§ Supplied data
■ ■ ■
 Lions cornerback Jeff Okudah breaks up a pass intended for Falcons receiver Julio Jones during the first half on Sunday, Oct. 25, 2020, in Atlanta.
■ ■ ■
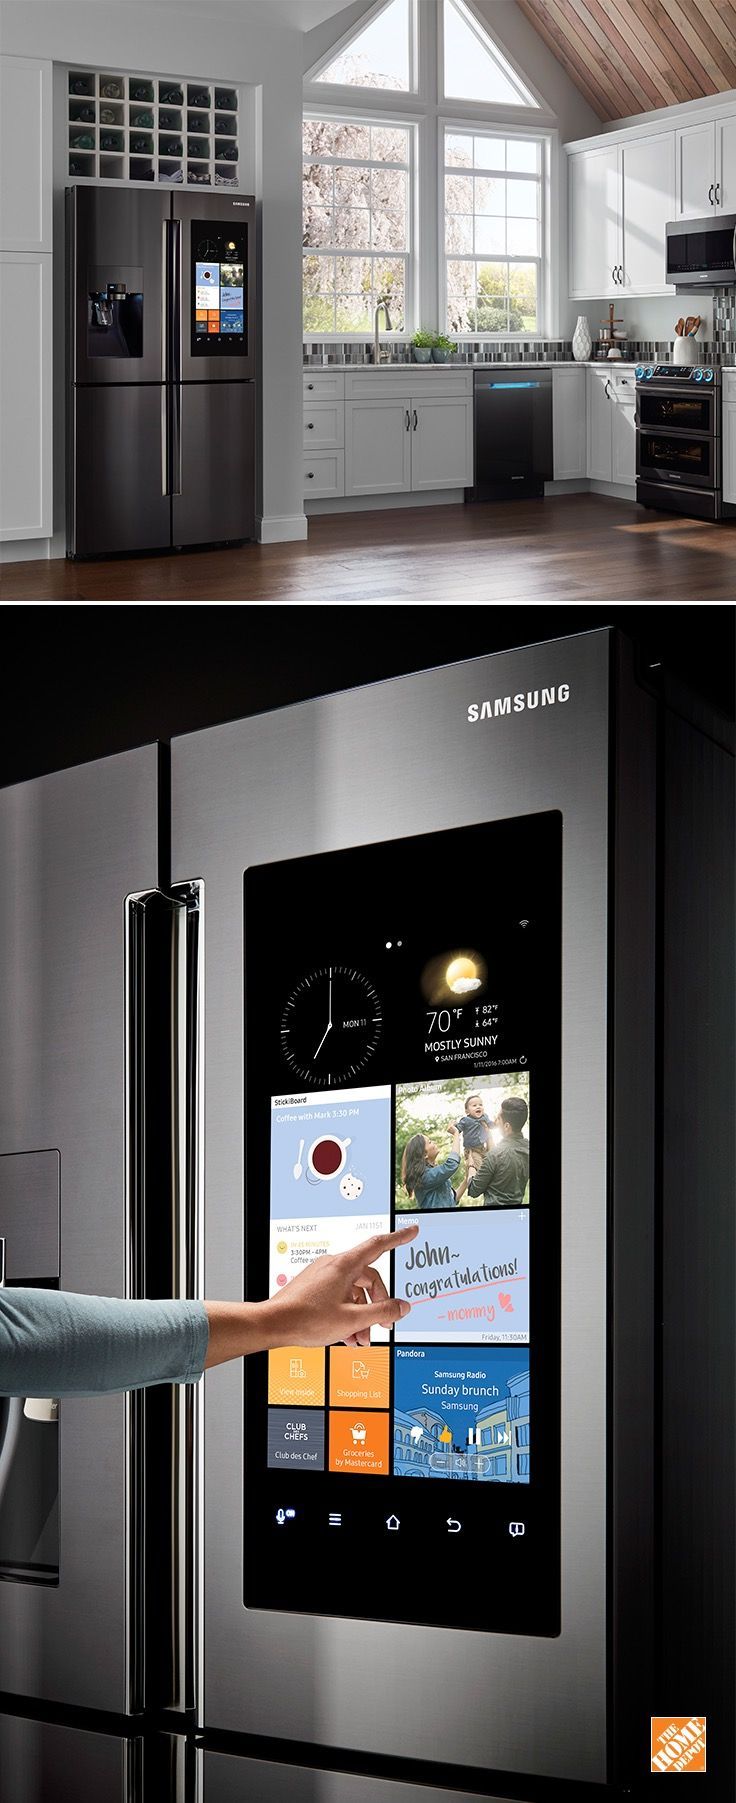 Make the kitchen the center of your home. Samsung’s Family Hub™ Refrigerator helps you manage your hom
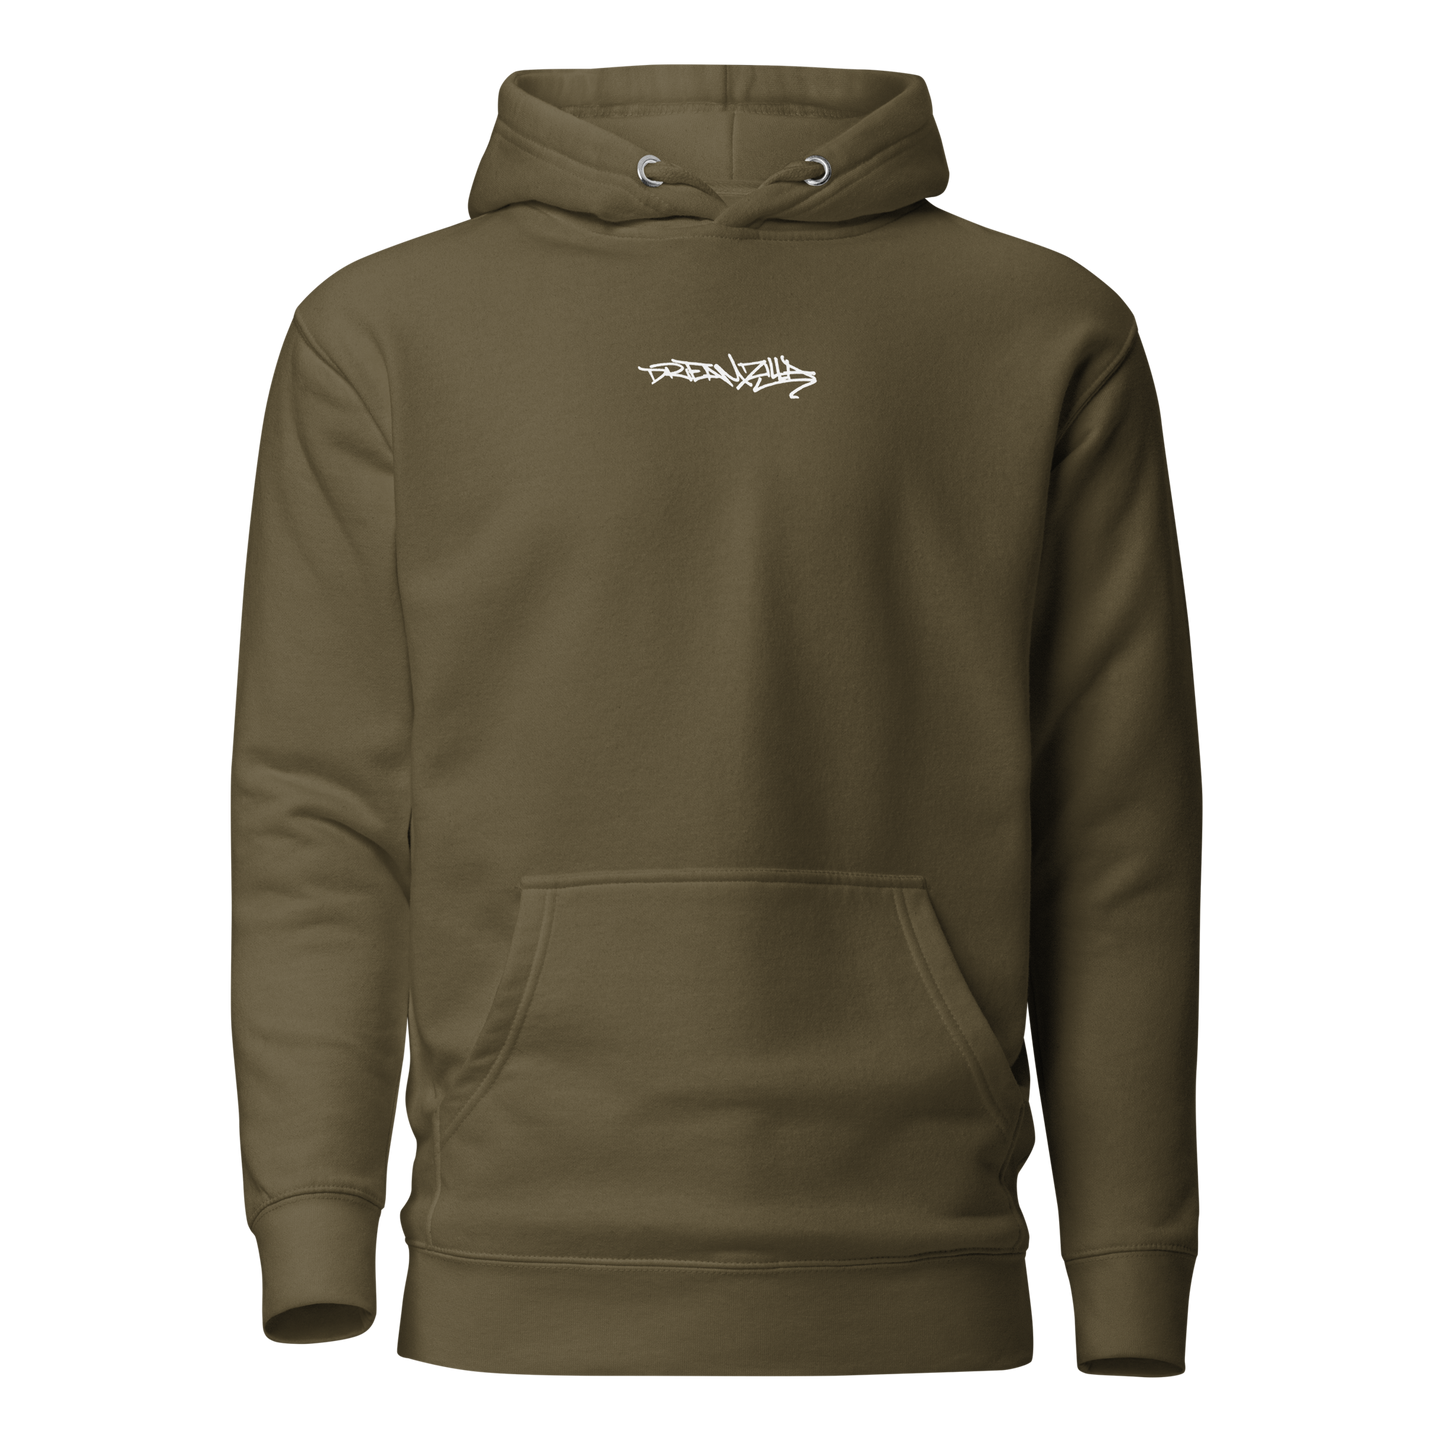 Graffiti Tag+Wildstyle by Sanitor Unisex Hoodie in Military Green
■ ■ ■
§ Exercise aim
Each line above that falls between the line with "Make the kitchen" and the line with "Graffiti Tag+Wildstyle by" should be printed exactly, together with those two lines, but the pictures should not.

§ Written reply
 Make the kitchen the center of your home. Samsung’s Family Hub™ Refrigerator helps you manage your hom
 Graffiti Tag+Wildstyle by Sanitor Unisex Hoodie in Military Green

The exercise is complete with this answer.